La ville parle-t-elle déjà de cette affaire ?
On ne parle que de cela. Depuis que la nouvelle a couru qu’on l’avait amenée ici et qu’on allait lui faire son procès, il n’est marché, taverne ni passage de pont où le nom ne revienne. On s’aborde pour en demander des nouvelles, on répète ce que le voisin a dit tenir d’un autre, et chacun ajoute son mot. À la boutique, les chalands me questionnent comme si j’en savais plus qu’eux, ce qui n’est point le cas. C’est une de ces affaires qui prennent une ville tout entière : les gens d’Église en discutent à leur manière, les femmes à la fontaine à la leur, et jusqu’aux enfants qui répètent des noms qu’ils ne comprennent pas. Je ne me souviens pas qu’une prisonnière ait fait tant de bruit chez nous.
Cette captive, l’avez-vous vue de vos yeux ?

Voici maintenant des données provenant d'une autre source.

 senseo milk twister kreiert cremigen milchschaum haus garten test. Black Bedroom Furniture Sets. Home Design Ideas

Non, et personne de ma connaissance ne l’a vue. On la tient enfermée dans une tour du château, gardée jour et nuit par des hommes d’armes ; on ne la mène pas par les rues, on ne la montre pas. Voilà ce qu’il y a d’étrange : la ville entière parle d’une femme dont pas un sur mille n’a aperçu le visage. Alors on se repaît de récits. L’un vous la fait grande, l’autre menue ; l’un dit qu’elle a le regard dur, l’autre qu’elle pleure. Tout cela sans preuve, car qui l’a approchée ? Les soldats de la garde, les juges, quelques clercs — pas nous. Nous parlons d’une ombre. On la tient, mais on ne l’a pas vue, et je crois que cela même échauffe les têtes : on peut tout dire d’un visage qu’on n’a pas devant soi.

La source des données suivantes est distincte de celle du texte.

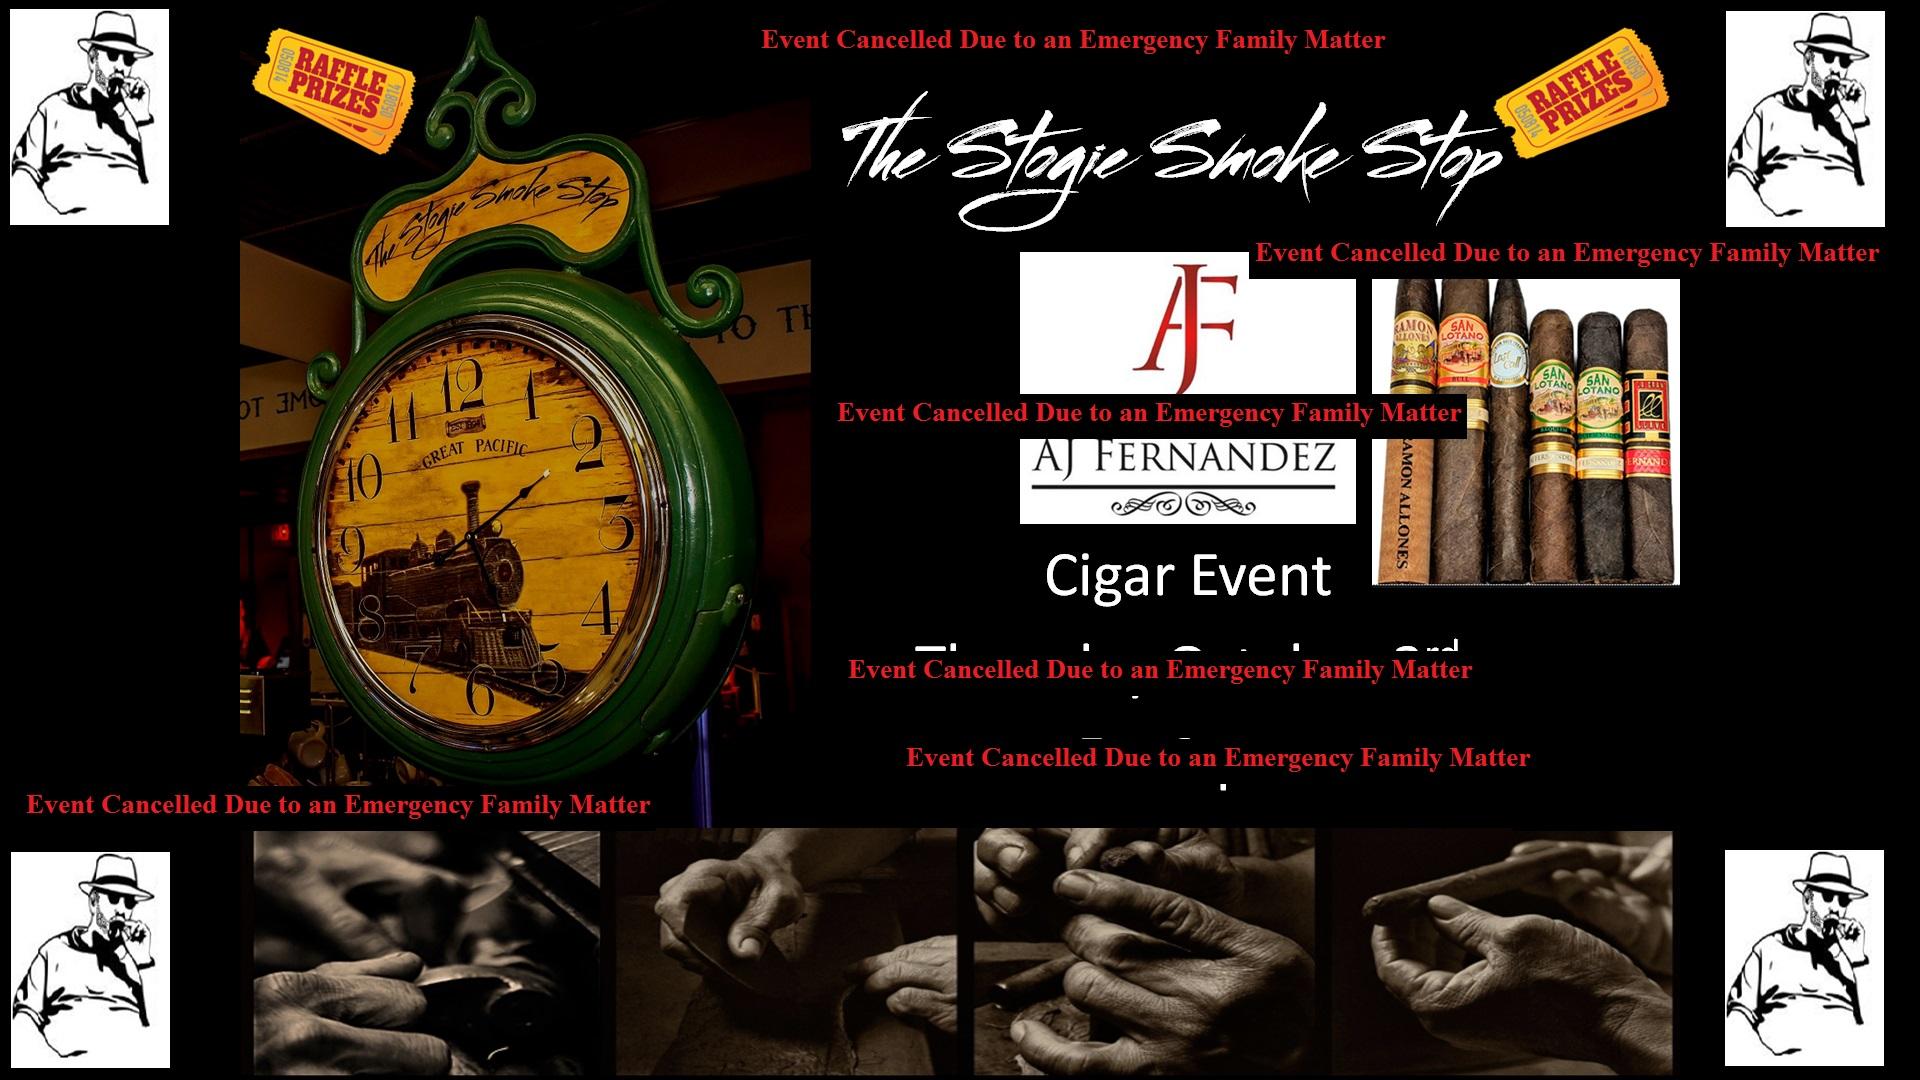 A J Fernandez Cigar Event Cancelled

Que dit-on d’elle, justement ?
On en dit de toutes sortes, et je vous rapporte les bruits sans les garantir. On dit que c’est une fille des campagnes qui s’est mise en habit d’homme, chaussée et vêtue comme un soldat, et qu’elle a refusé de le quitter. On dit qu’elle entend des voix, qu’elle les nomme des saints, et qu’elle se prétend envoyée de Dieu pour chasser les Anglais du royaume. On dit que c’est elle qui a fait lever le siège devant Orléans, il y a bientôt deux ans, et qu’elle a mené celui qu’ici on nomme l’Armagnac jusqu’à Reims pour l’y faire sacrer. Voilà ce qui court. De tout cela, je ne sais que ce qu’on répète ; je n’étais ni à Orléans ni à Reims. Mais ce sont les choses qu’on se redit, et qui font qu’on ne la prend pas pour une prisonnière ordinaire.
Et pour la ville, qu’est-elle : une sorcière, ou une envoyée du Ciel ?
C’est là que les avis se partagent, et rudement. Beaucoup, ici, la tiennent pour sorcière — c’est le mot qui revient le plus, je ne vous le cache pas. On dit qu’une fille ne mène pas des armées sans quelque secours qui n’est pas de Dieu, que ses voix sont tromperie, que le diable s’en mêle. Ceux-là voudraient qu’on en finisse. Mais il en est d’autres, plus bas, qui n’osent trop le dire, et qui se demandent si le Ciel ne serait pas avec elle, puisqu’elle a fait ce qu’aucun capitaine n’avait su faire. Entre les deux, le plus grand nombre ne sait qu’en penser et attend de voir. Moi, je vous redis le mot de la ville : sorcière, on l’entend cent fois le jour. Ce qu’elle est au vrai, Dieu le sait ; un marchand comme moi n’en répond pas.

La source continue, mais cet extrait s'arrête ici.